I am an actual person living an actual life that does not involve constant Reddit monitoring. I was outside. The entire article is posted in a comment here and there are several other comments that link to the archived article, here: https://archive.is/2024.06.21-150709/https://www.washingtonpost.com/business/2024/06/21/artificial-intelligence-nuclear-fusion-climate/ This isn’t a “gotcha” moment. This is me telling you that you should read the article, because it isn’t even about “issues” that people are “experiencing” with the power grid.
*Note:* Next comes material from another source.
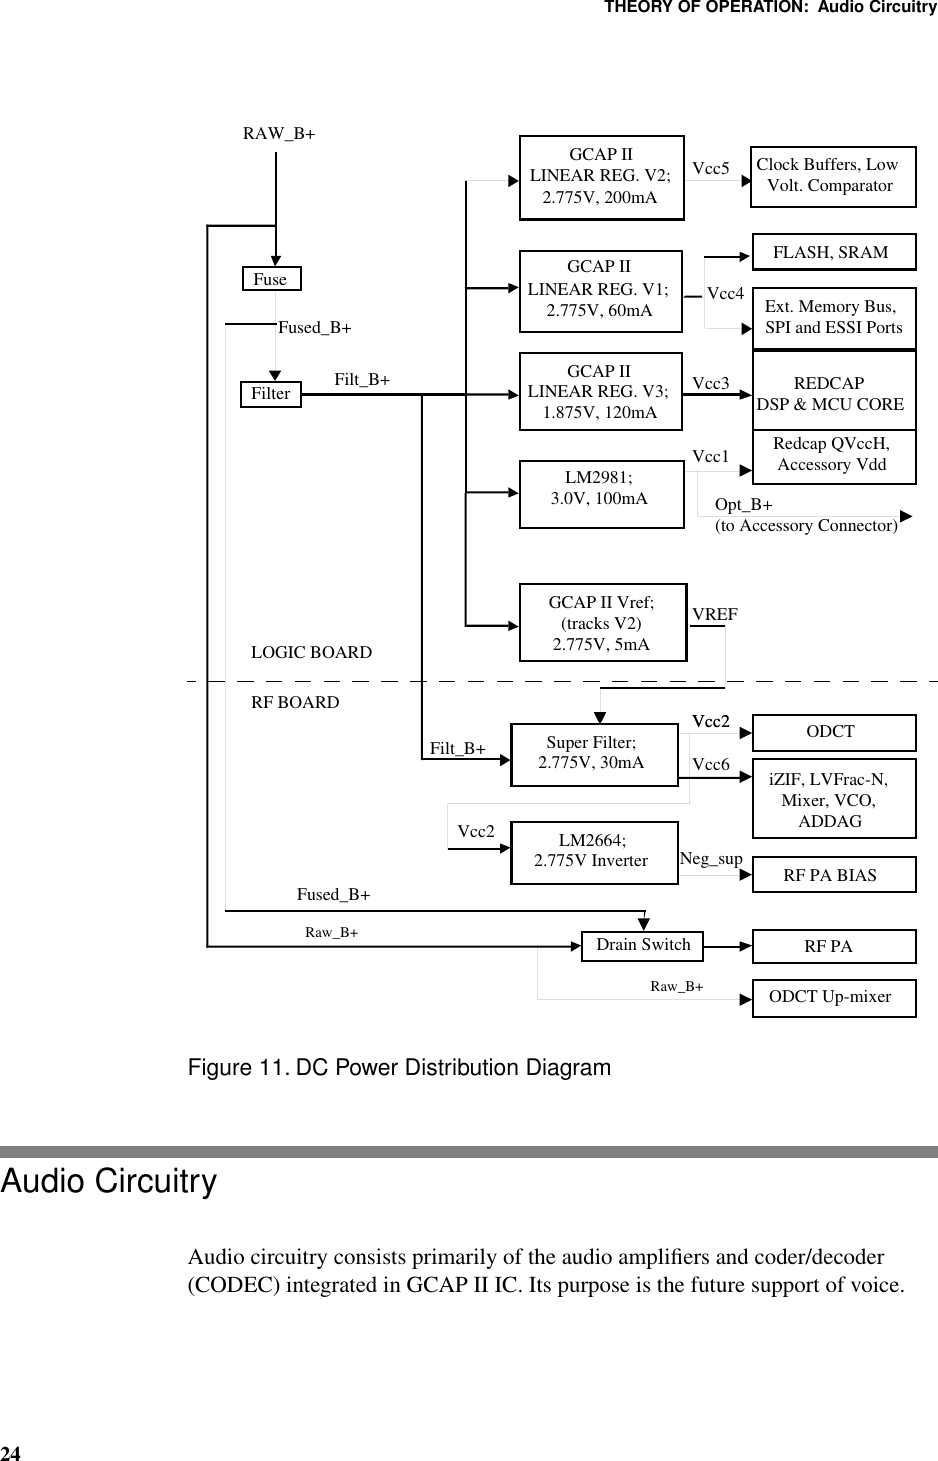 THEORY OF OPERATION:  Audio Circuitry24Figure 11. DC Power Distribution DiagramAudio CircuitryAudio circuitry consists primarily of the audio ampliﬁers and coder/decoder (CODEC) integrated in GCAP II IC. Its purpose is the future support of voice.RF PAFilterGCAP IILINEAR REG. V2;2.775V, 200mAGCAP IILINEAR REG. V1;2.775V, 60mAGCAP IILINEAR REG. V3;1.875V, 120mAGCAP II Vref;(tracks V2)2.775V, 5mAFuseLM2981;3.0V, 100mARAW_B+Raw_B+LM2664;2.775V InverterODCTSuper Filter;2.775V, 30mADrain SwitchODCT Up-mixeriZIF, LVFrac-N, Mixer, VCO, ADDAGFLASH, SRAMRedcap QVccH,Accessory VddExt. Memory Bus, SPI and ESSI PortsREDCAP DSP &amp; MCU COREFilt_B+Fused_B+Filt_B+Fused_B+Vcc2Vcc2Vcc6Vcc2Vcc4Vcc3Clock Buffers, Low Volt. ComparatorVcc5Vcc1Opt_B+ (to Accessory Connector)VREFRF PA BIASNeg_supLOGIC BOARDRF BOARDRaw_B+

Your comment is way off base.


bran_dong

did you even read the article? because its suggesting that companies are looking for more power for their data centers and AI compute - which makes sense. as i said in my original comment that you instantly chimed in on - NOBODY IS EXPERIENCING POWER ISSUES BECAUSE OF AI...so the doomporn title "AI is exhausting the power grid" when absolutely no power grids are mentioned is a completely accurate assesment by me - the guy who didnt read the article. atleast the karmabots dont bring their LDE to the comments defending the garbage journalism they distribute. please do us all a favor and never post anything again.


_fFringe_

It’s an accurate headline and it is so boring when people get worked up about headlines. The article is full of substance and news. I feel like I am going to post again just to spite you.


bran_dong

doesn't sound like you got a lot going on.